Personal information
- Full name: Peter Berbakov
- Date of birth: 22 August 1973 (age 51)
- Original team(s): Sunbury / Glenelg
- Draft: 58th, 1995 National Draft
- Height: 188 cm (6 ft 2 in)
- Weight: 90 kg (198 lb)

Playing career^{1}
- Years: Club / Games (Goals)
- 1996–1999: Essendon / 52 (14)
- ^{1} Playing statistics correct to the end of 1999.

= Peter Berbakov =

Australian rules footballer

Peter Berbakov (born 22 August 1973) is a former Australian rules footballer who played with Essendon in the Australian Football League (AFL).

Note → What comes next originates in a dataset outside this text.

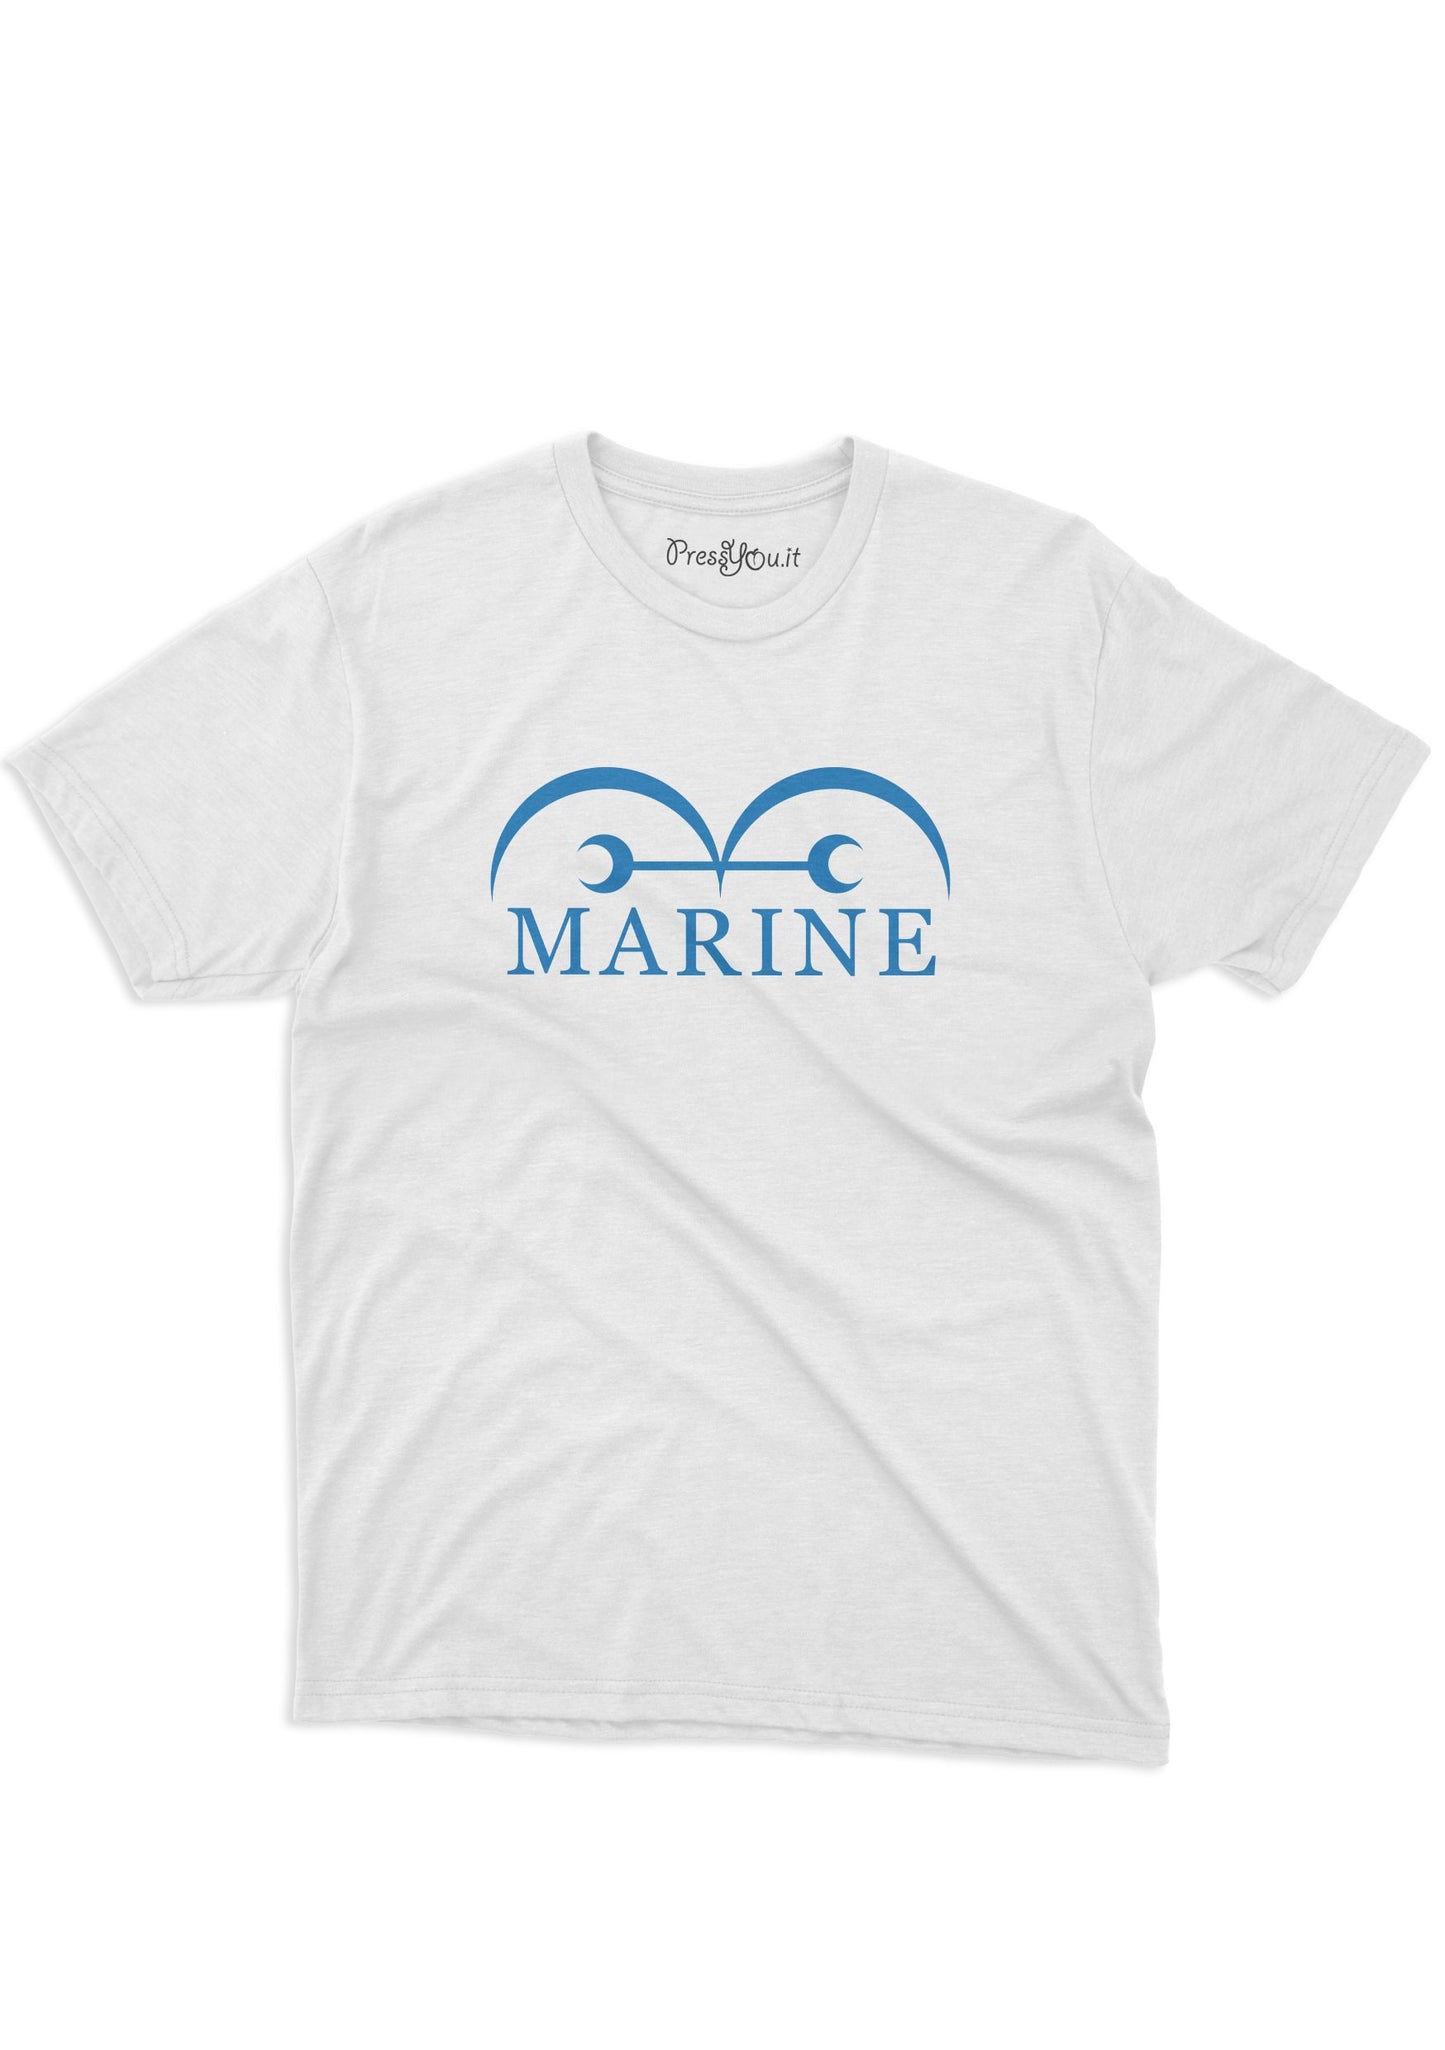 maglietta t-shirt- marina marine ammiraglio fronte retro oro manga governo mondiale
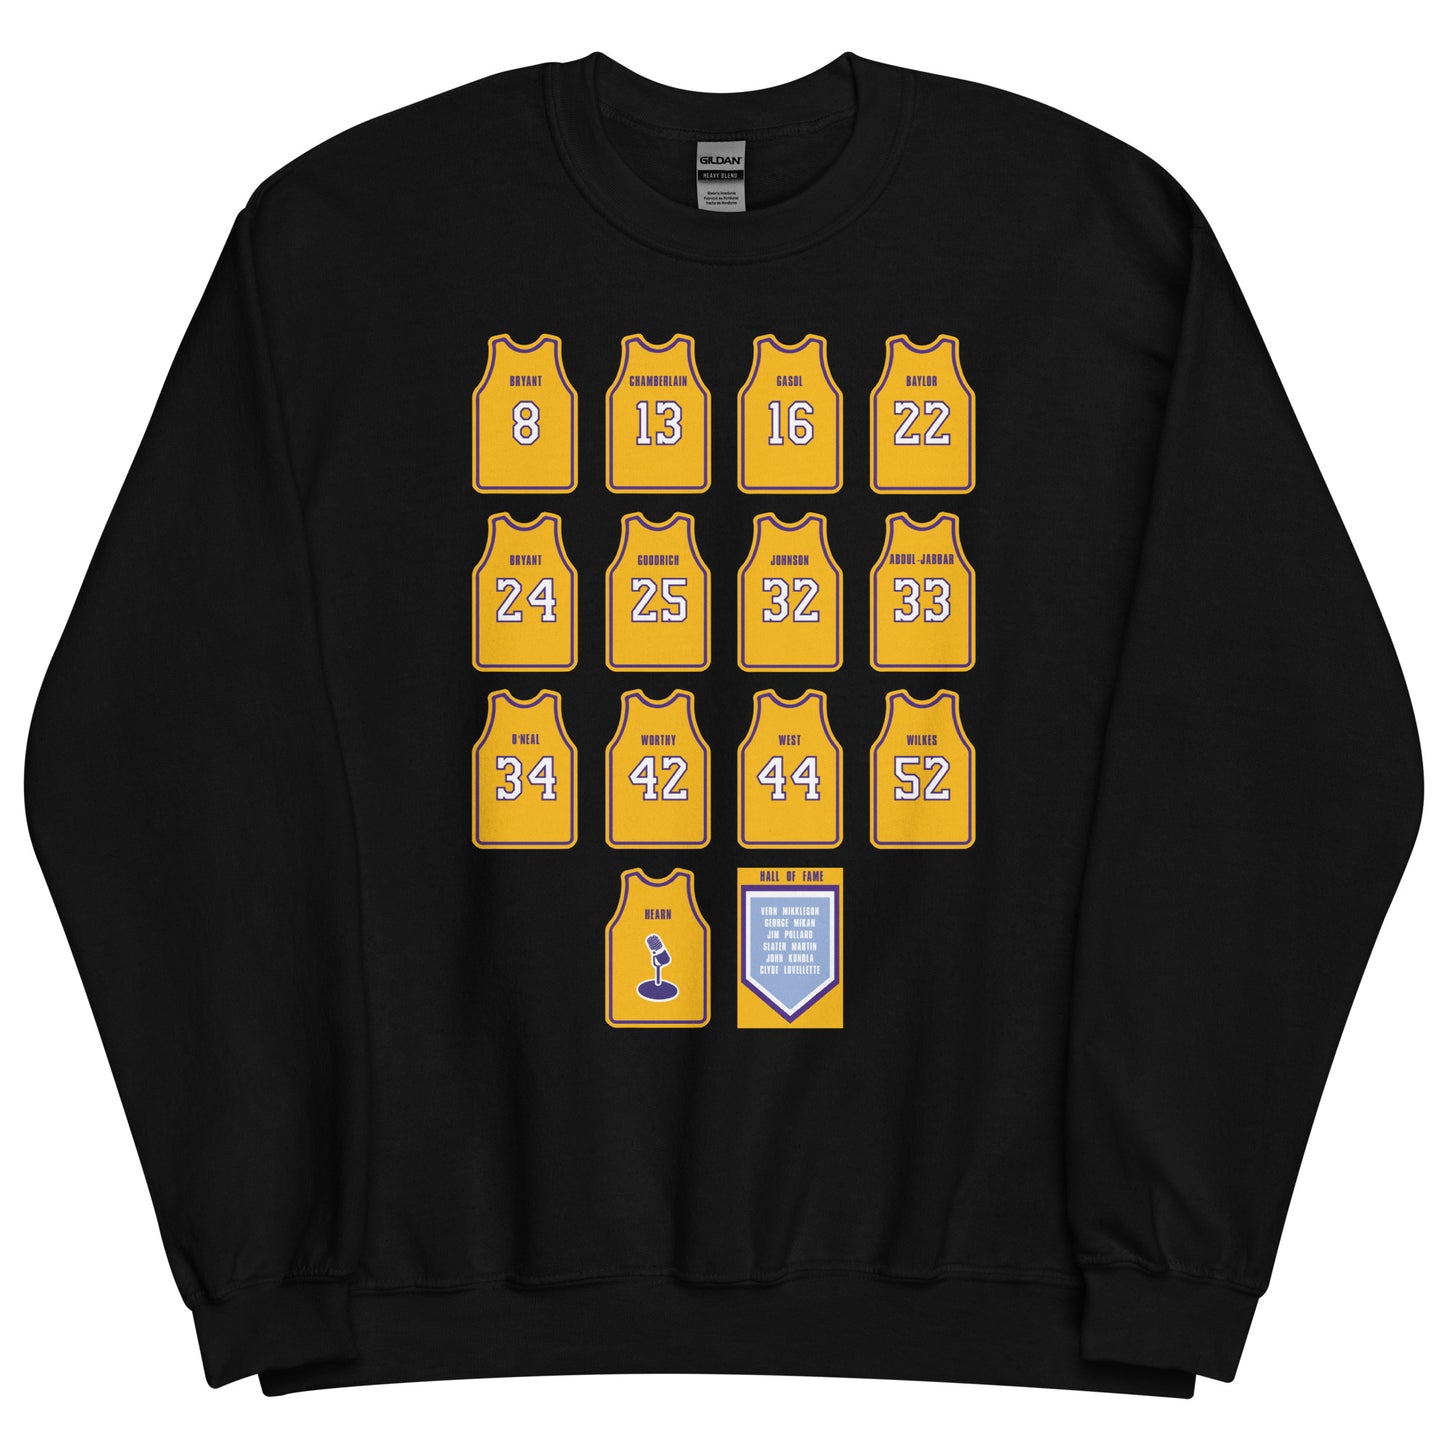 Los Angeles Lakers Retired Jerseys Illustrated Unisex Crewneck Sweatshirt

Berbakov was from Sunbury originally and played Under-19s football for Essendon during the early 1990s. Unable to make it onto the senior list, he went to South Australia and began playing for Glenelg. He returned to Essendon via the 1995 National Draft, having been invited by his Glenelg coach Mark Williams, who had joined Essendon as an assistant coach. After a strong season in the reserves, Berbakov was selected regularly in the 1996 AFL season, as a key defender. He had a career highlight in the opening round of the 1997 AFL season when he played forward and kicked four goals against Carlton.

He badly injured an ankle in 1999 and missed the second half of the season as a result. In 2000, he wasn't able to push his way back into the team, who would lose just once all season, resulting in his delisting.

He has previously held coaching roles at Essendon and the Sydney Swans.